**** Given material
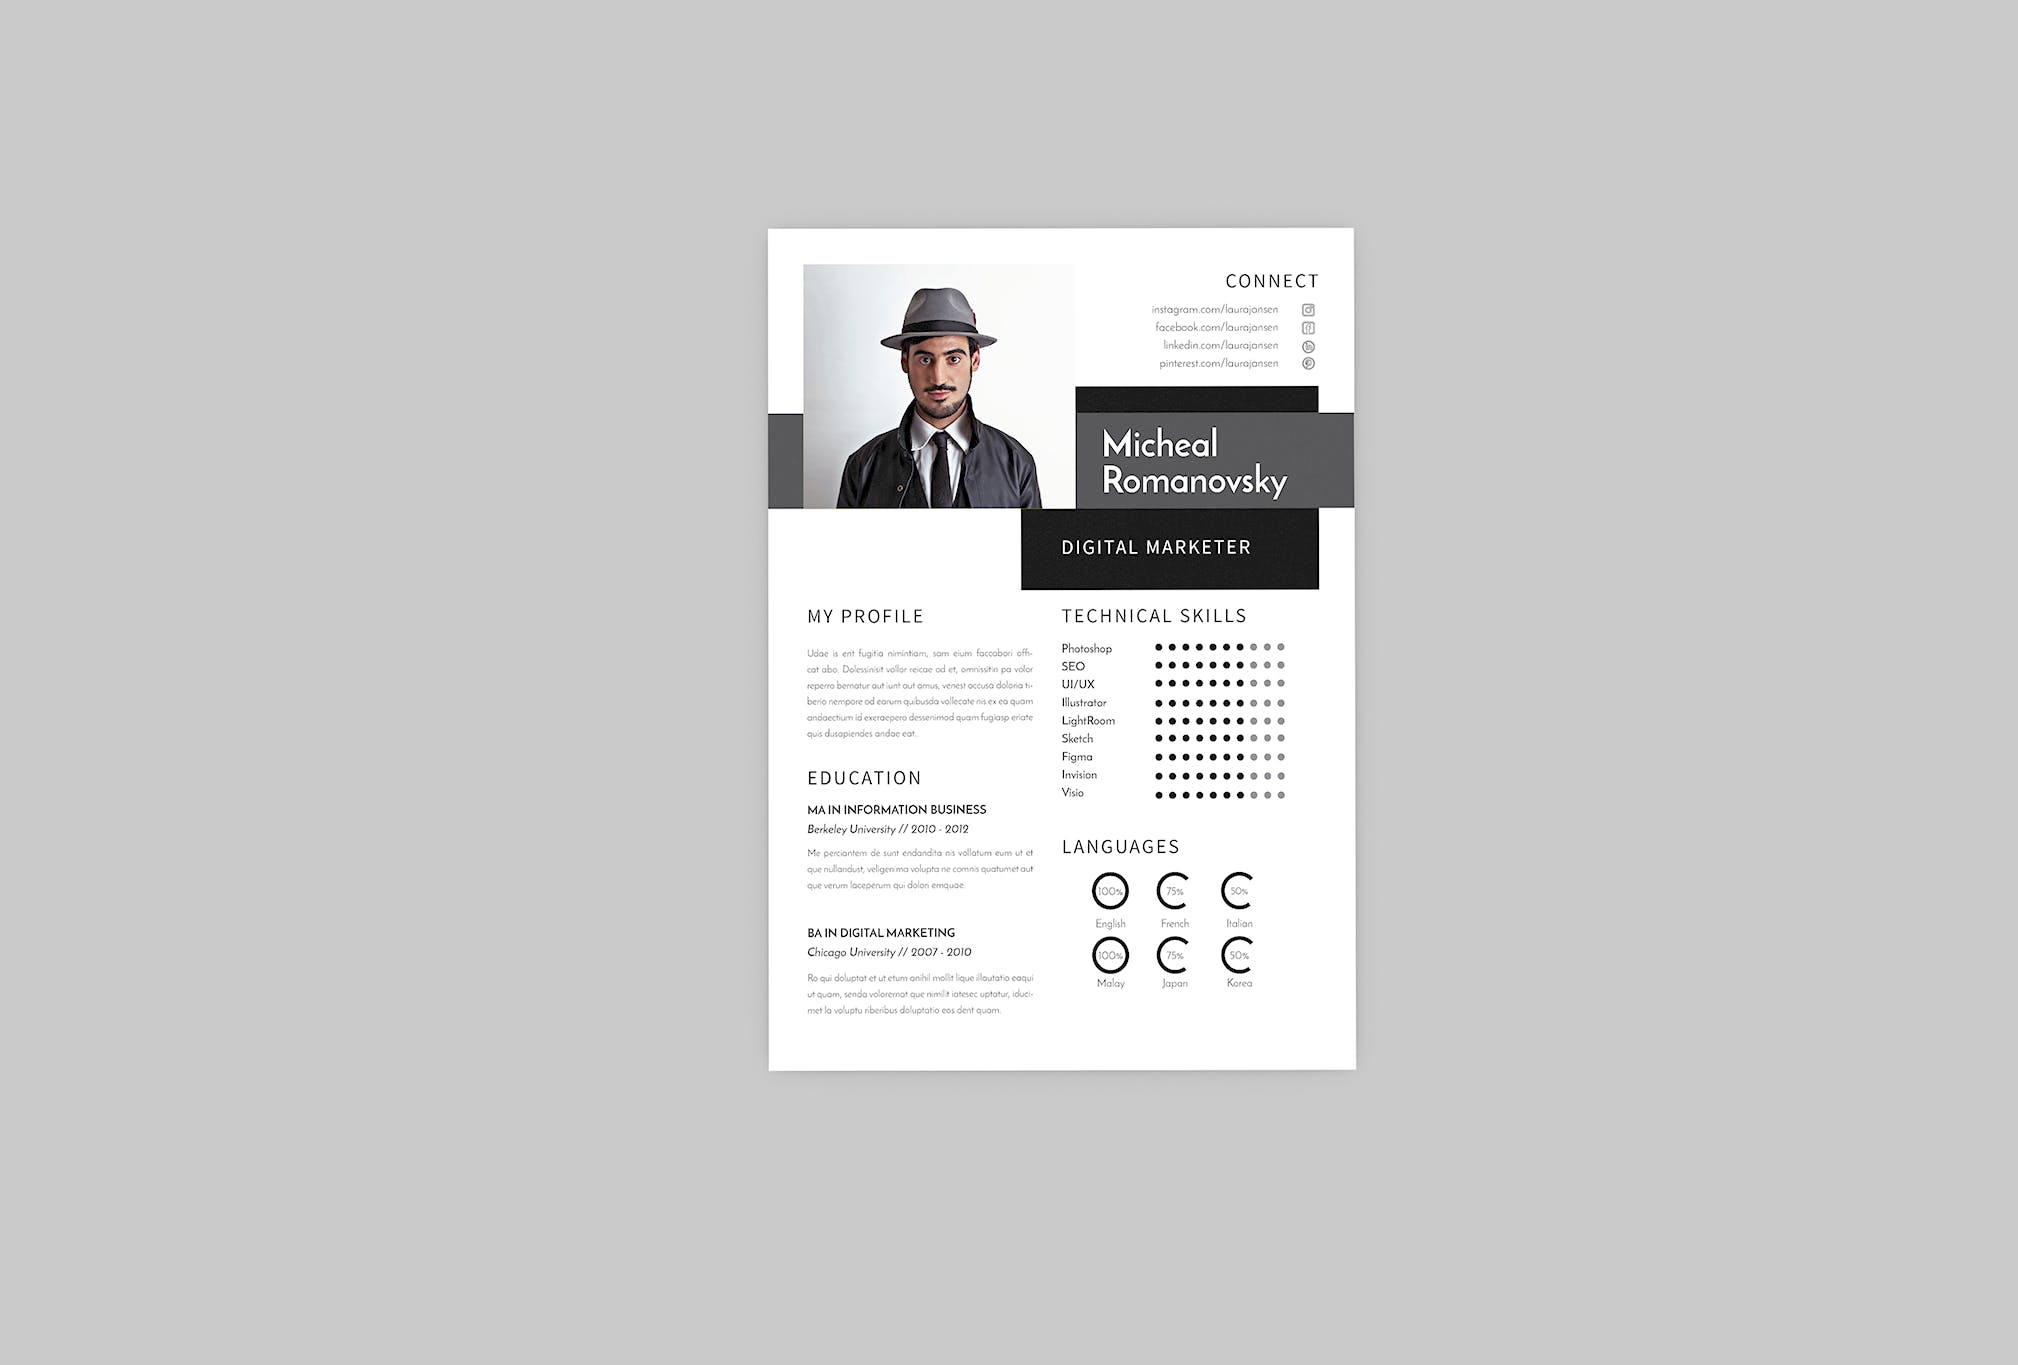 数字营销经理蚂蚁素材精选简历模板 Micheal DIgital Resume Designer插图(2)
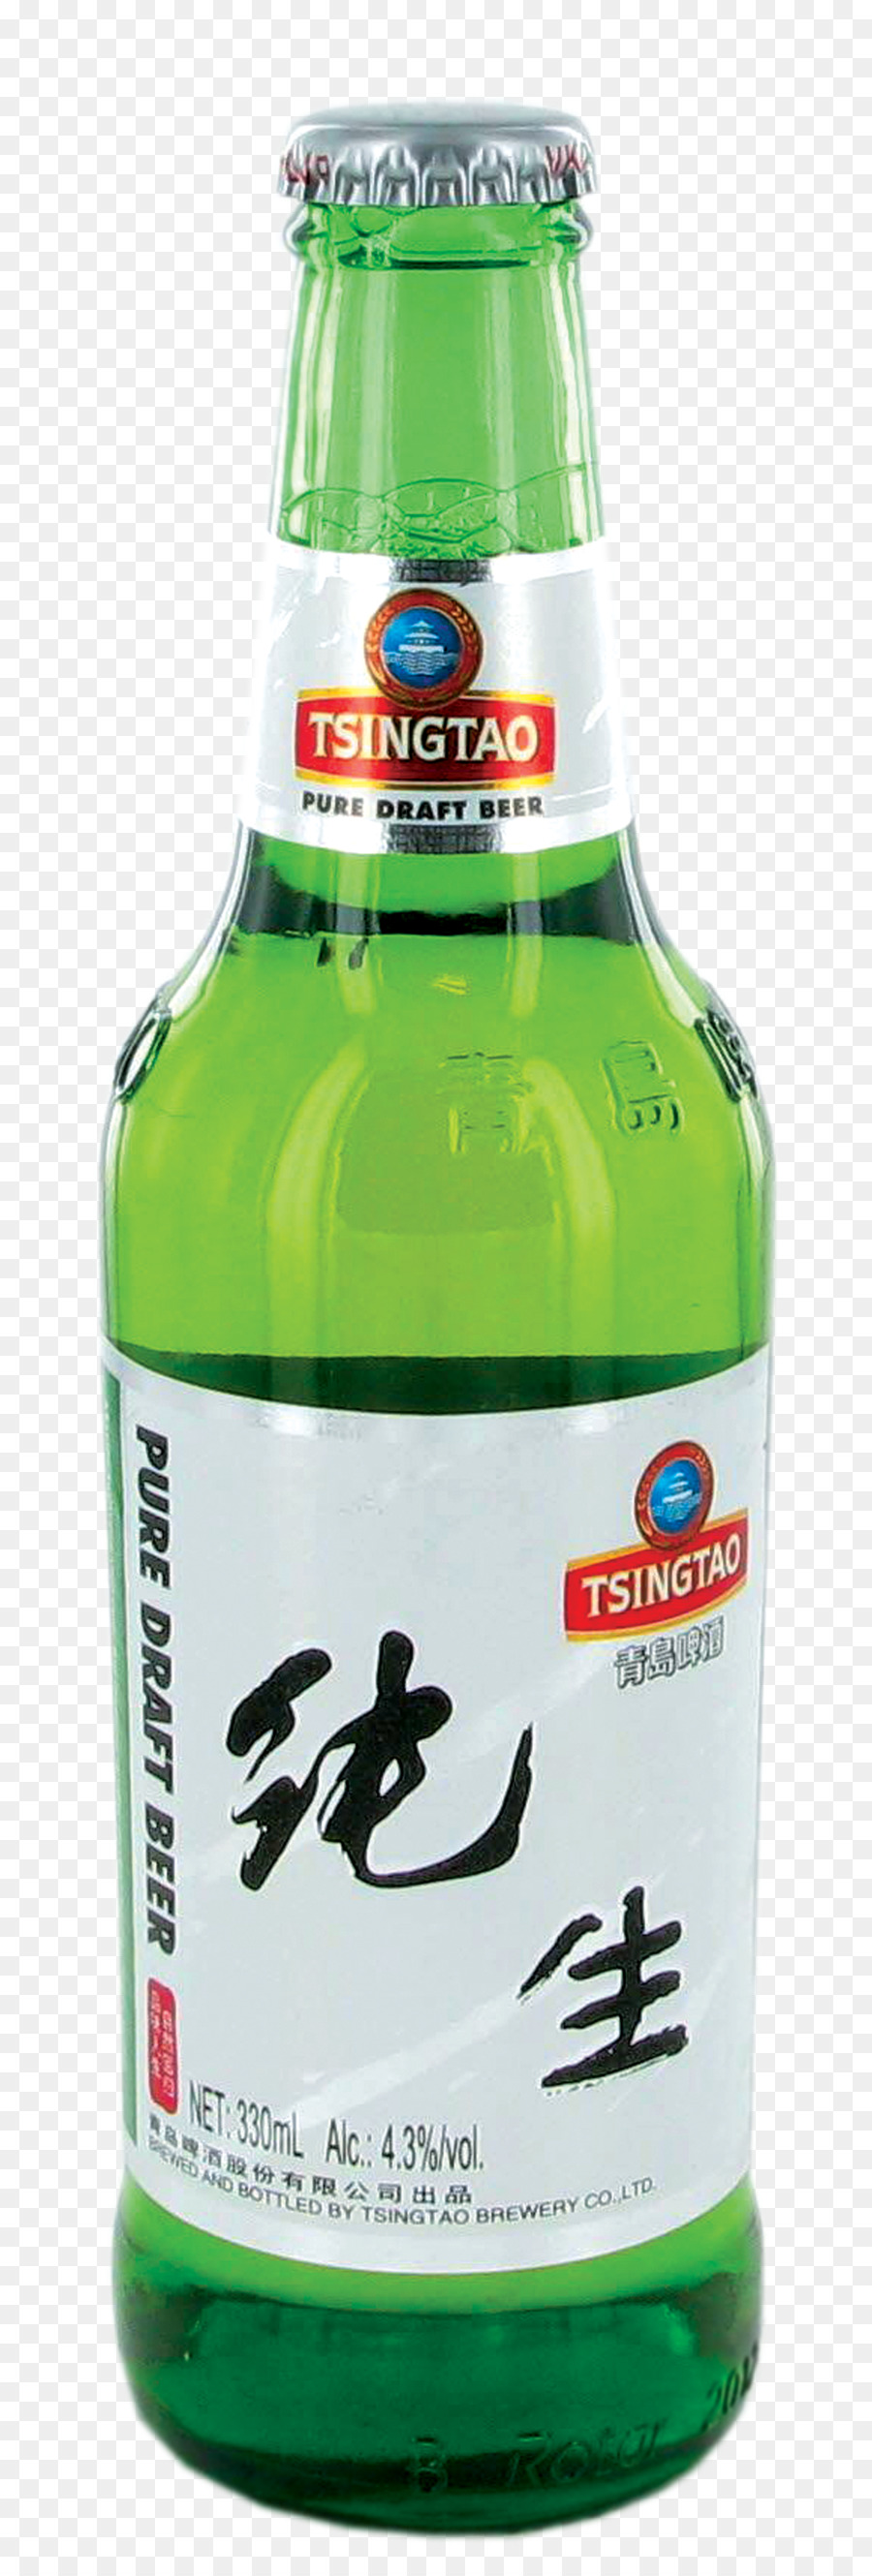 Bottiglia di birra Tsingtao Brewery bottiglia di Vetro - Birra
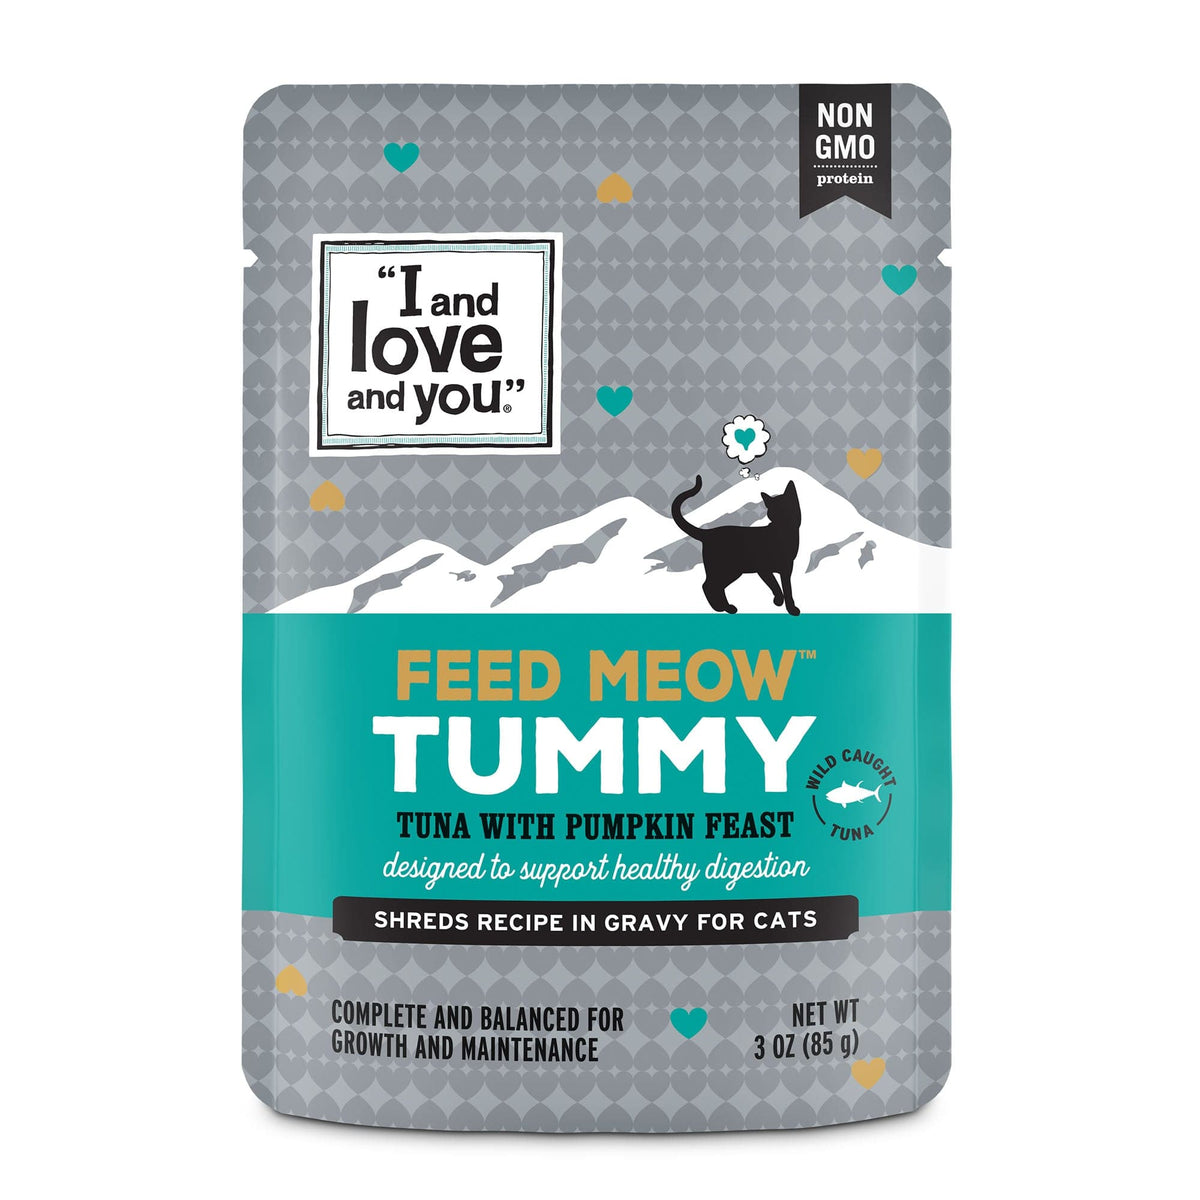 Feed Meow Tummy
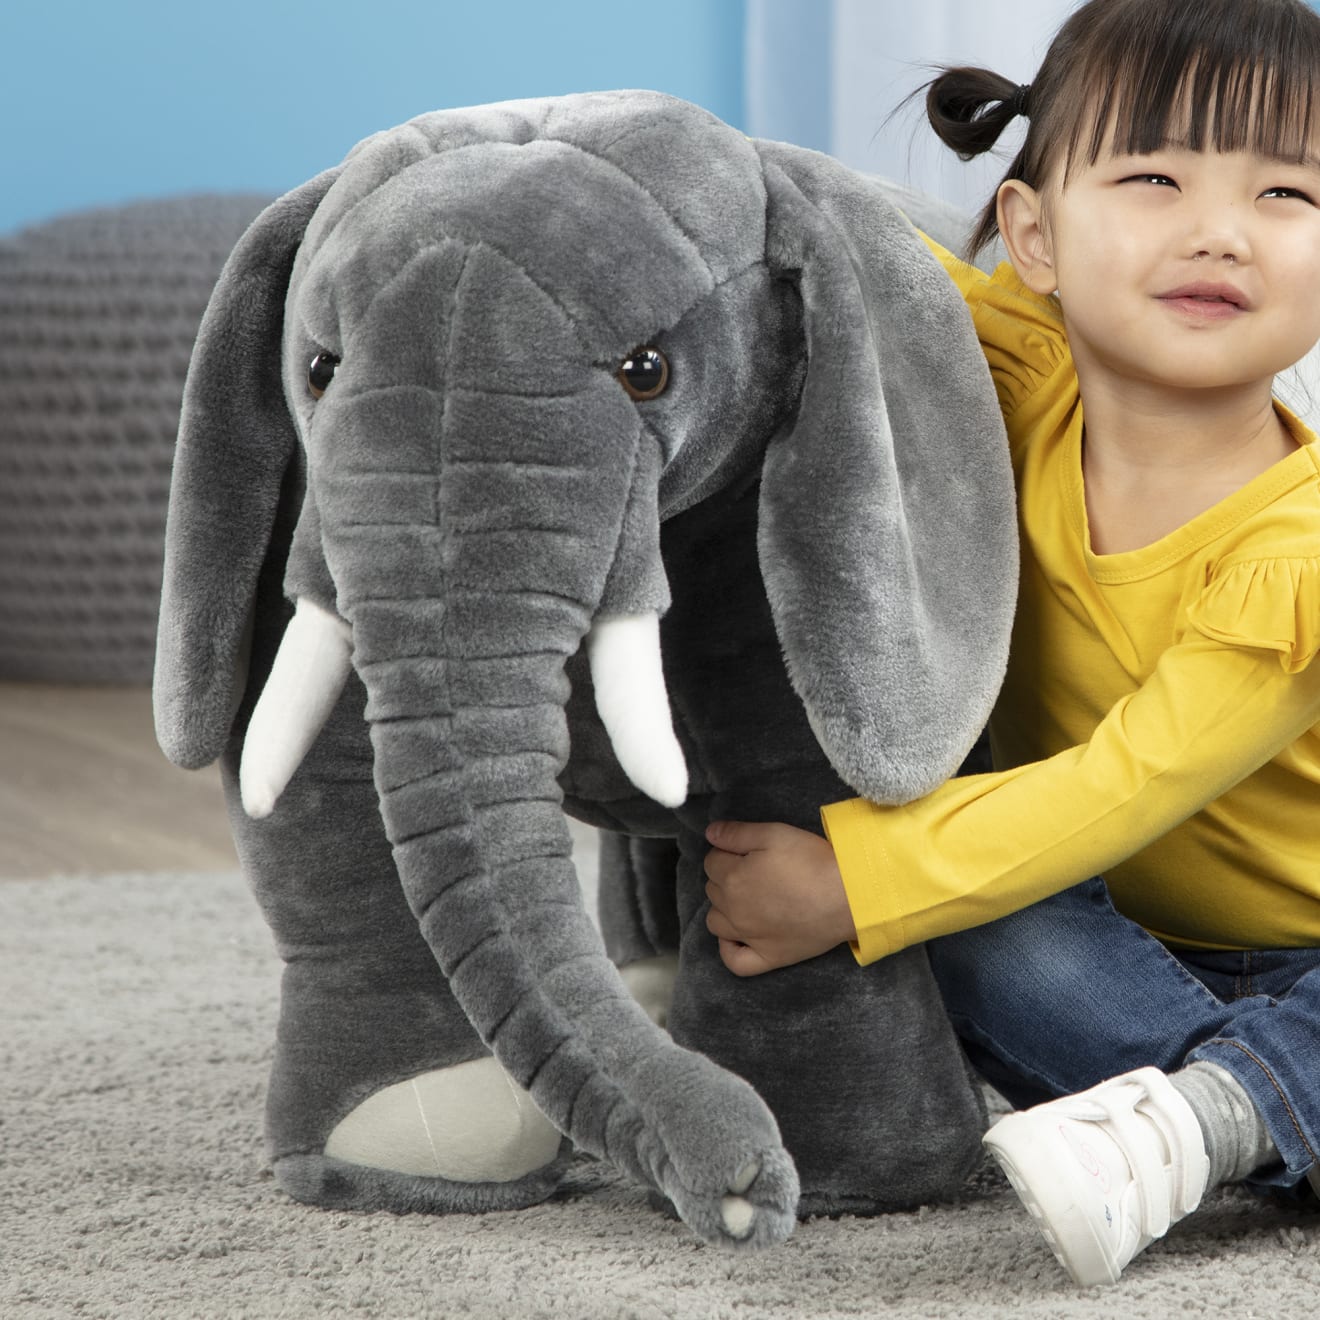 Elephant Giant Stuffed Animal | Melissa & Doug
********
Repeat the listing verbatim without its pictures.

Solution to this problem.
 数字营销经理蚂蚁素材精选简历模板 Micheal DIgital Resume Designer插图(2)
 Bottiglia di birra Tsingtao Brewery bottiglia di Vetro - Birra
 Feed Meow Tummy
 Elephant Giant Stuffed Animal | Melissa & Doug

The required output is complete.